Developmental toxicity of orally administered sildenafil citrate (viagra)‎ in SWR J mice

Abstract EN

Normal adult inbred SWR / J mice were used to investigate the teratogenic and other possible toxic effects of various dose levels of sildenafil citrate (Viagra) on fetuses.

Multiple dose levels of 6.5, 13.0, 19.5, 26.0, 32.5 or 40.0 mg of sildenafil citrate / kg body weight (which correspond to the multiples of 1, 2, 3, 4, 5 or 6 of human 50 mg Viagra, respectively) were orally administered into pregnant mice on days 7–9, 10–12 or 13–15 of gestation.

On day 17 of pregnancy, all fetuses were removed and examined for toxic phenomena (embryo-fetal toxicity) and for external, internal and skeletal malformations.

A total of 285 pregnant mice were used in the present study.

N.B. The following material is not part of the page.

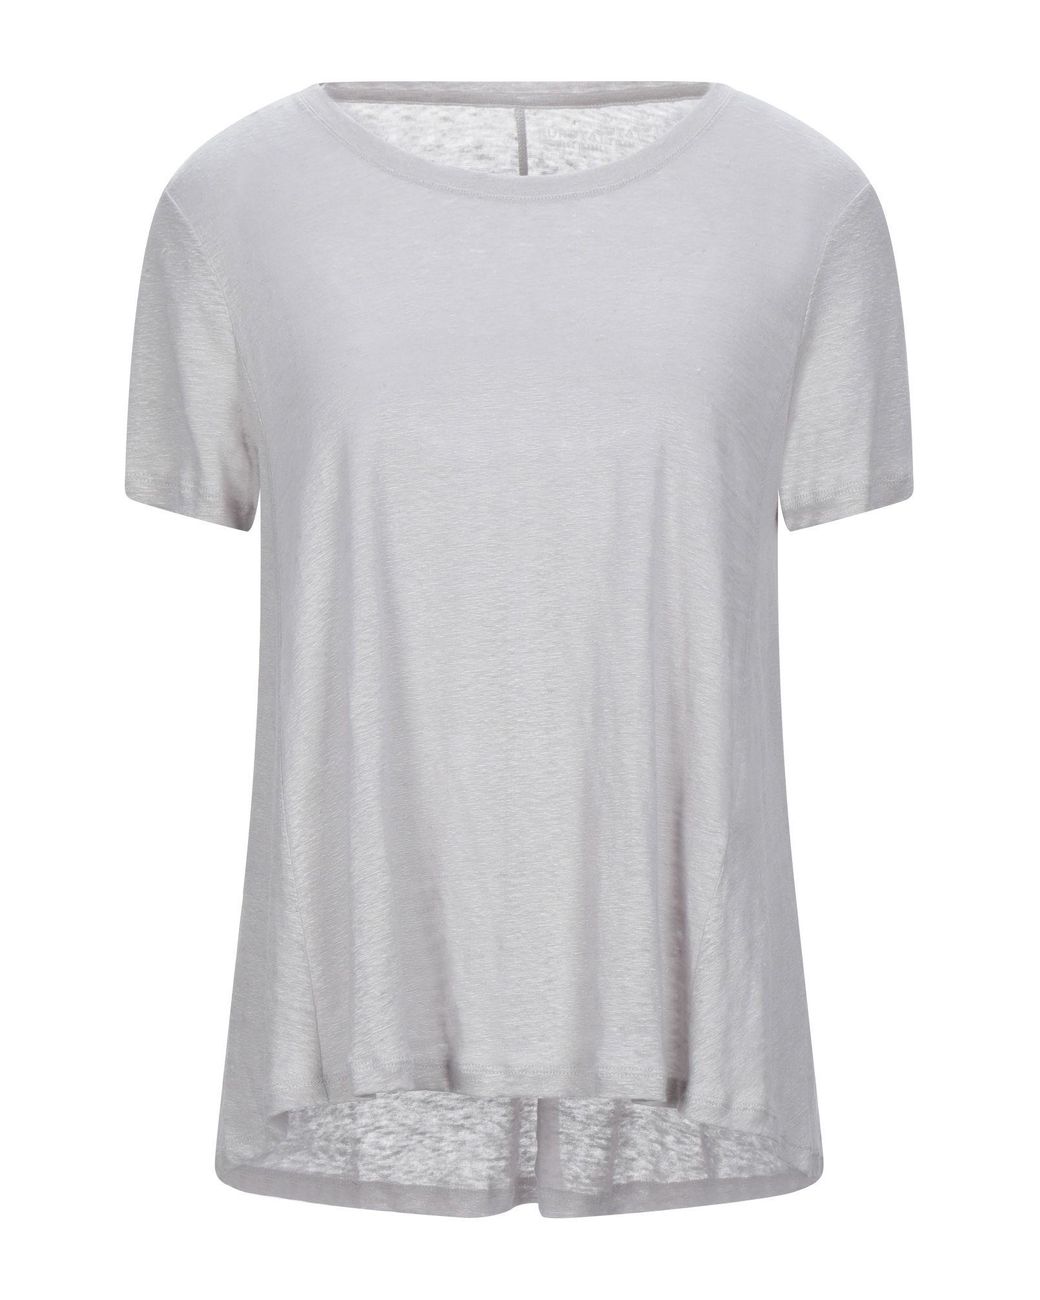 Purotatto Linen T-shirt in Light Grey (Gray) - Lyst

None of the dams treated with sildenafil citrate at any of the oral dose levels used in the present study died during the experimental period and all dams treated with the drug failed to reveal overt signs of maternal toxicity.

Moreover, the results of the present study clearly demonstrate that none of the multiple oral dose levels of the drug at any time interval used has induced any external, internal or skeletal malformations in the fetuses obtained from treated females.

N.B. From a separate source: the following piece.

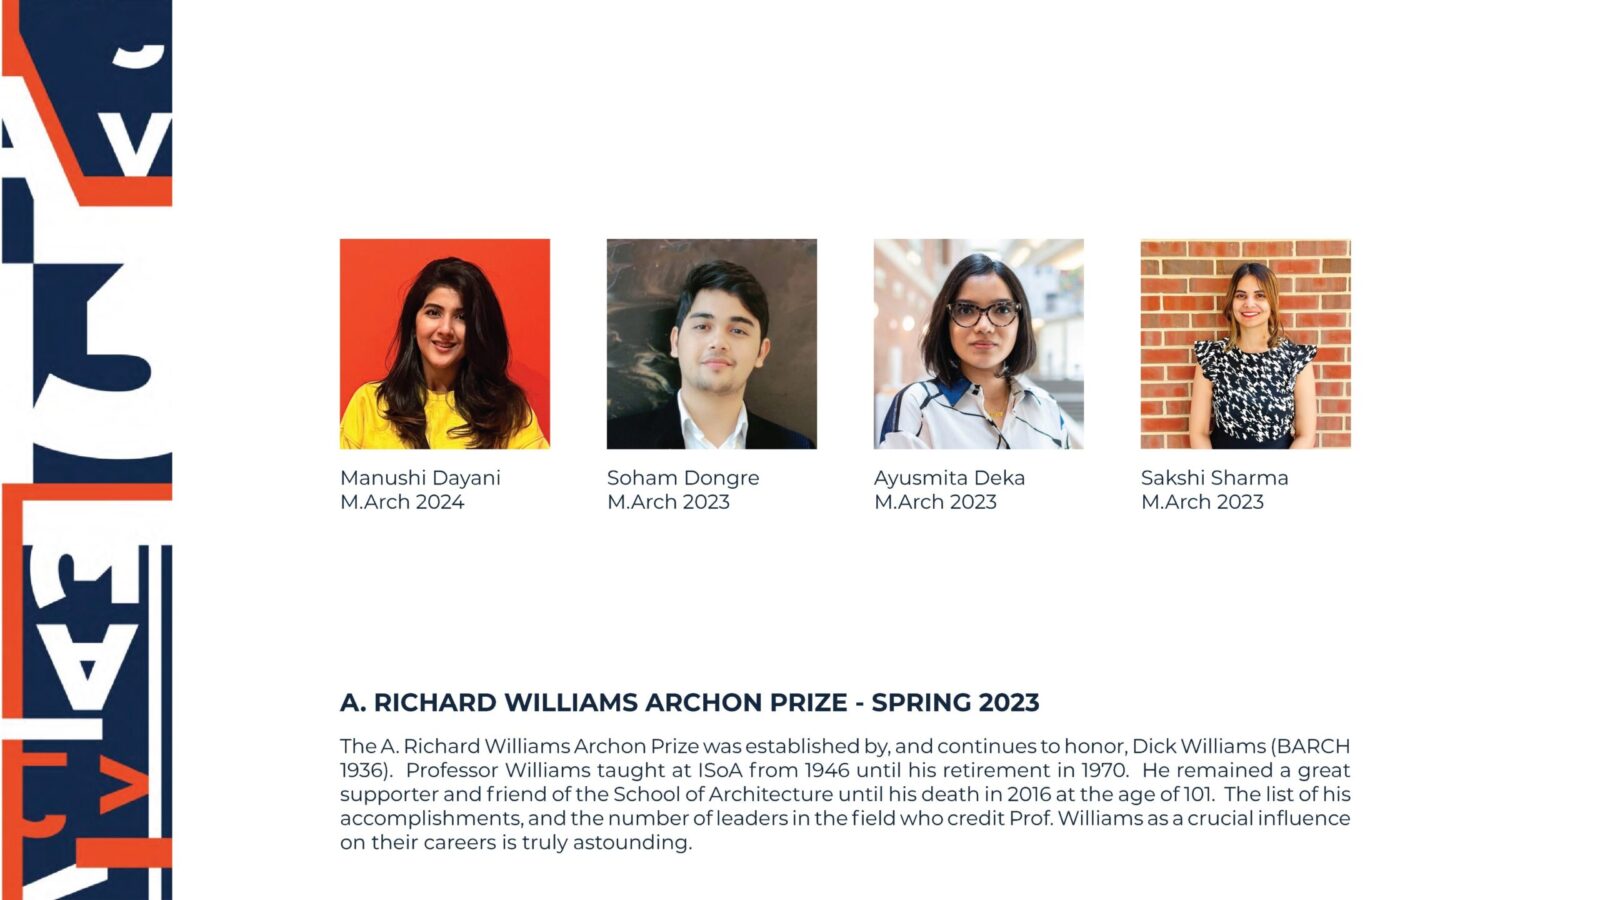 A. Richard Williams Archon Prize

However, the dose level of 40 mg / kg body weight of sildenafil citrate has a growth suppressing effect on alive fetuses when it was administered at all the time intervals used in the present study.

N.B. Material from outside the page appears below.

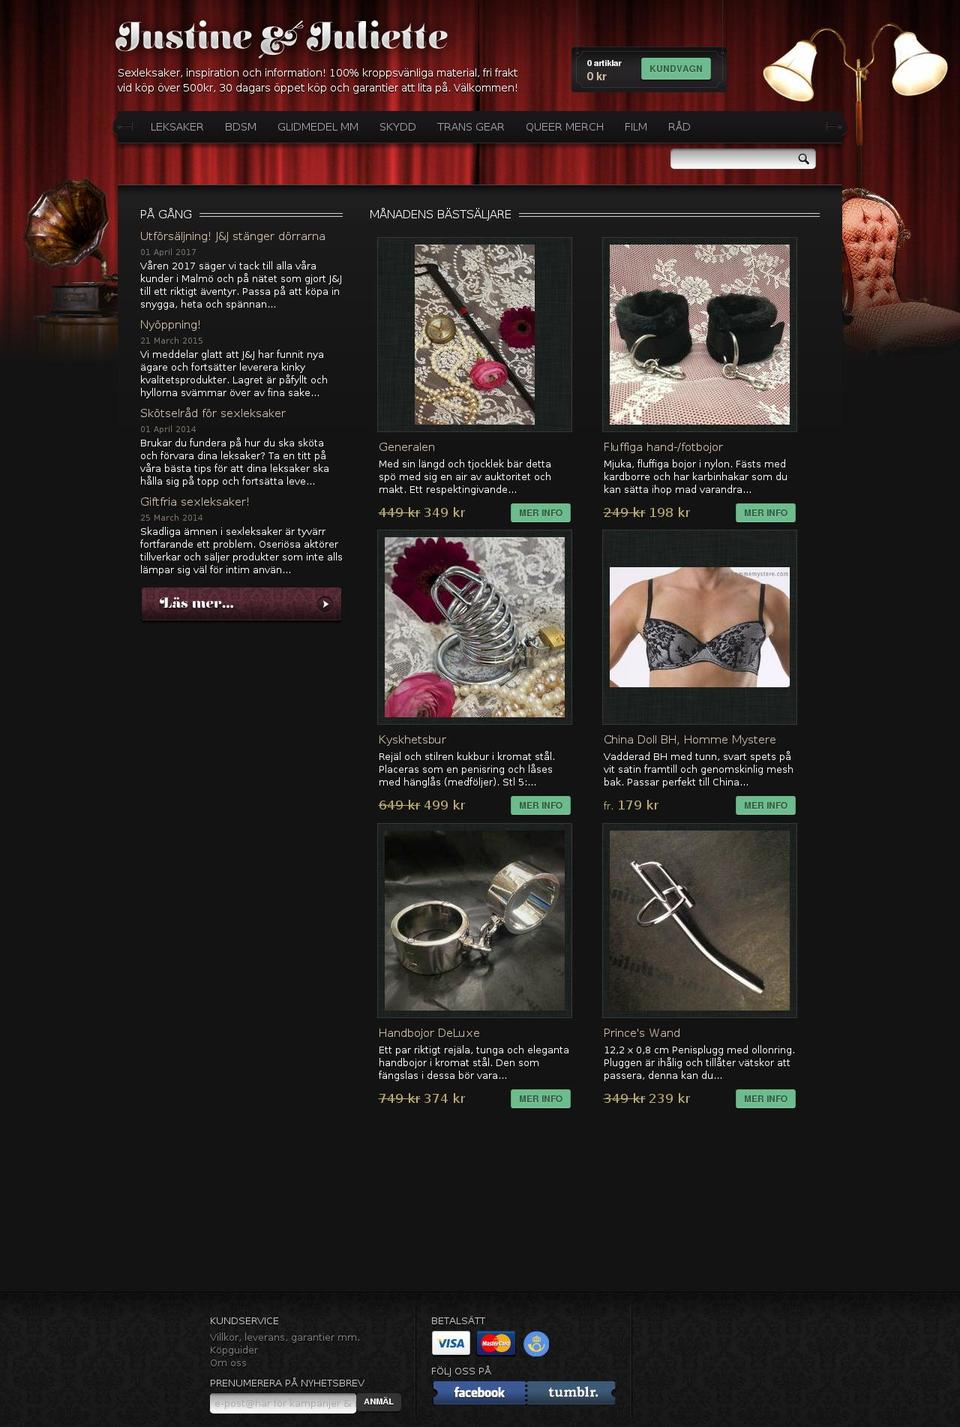 justinejuliette.se shopify website screenshot

Furthermore, the dose levels 26.0, 32.5 and 40 mg / kg of the drug have embryo-fetal toxicity when the drug is applied on days 13–15 of gestation.

The possible mechanisms involved in the embryofetal toxicity and fetal growth suppressing effects of sildenafil citrate were discussed.

The results of this study have important implications for the widespread use of this drug.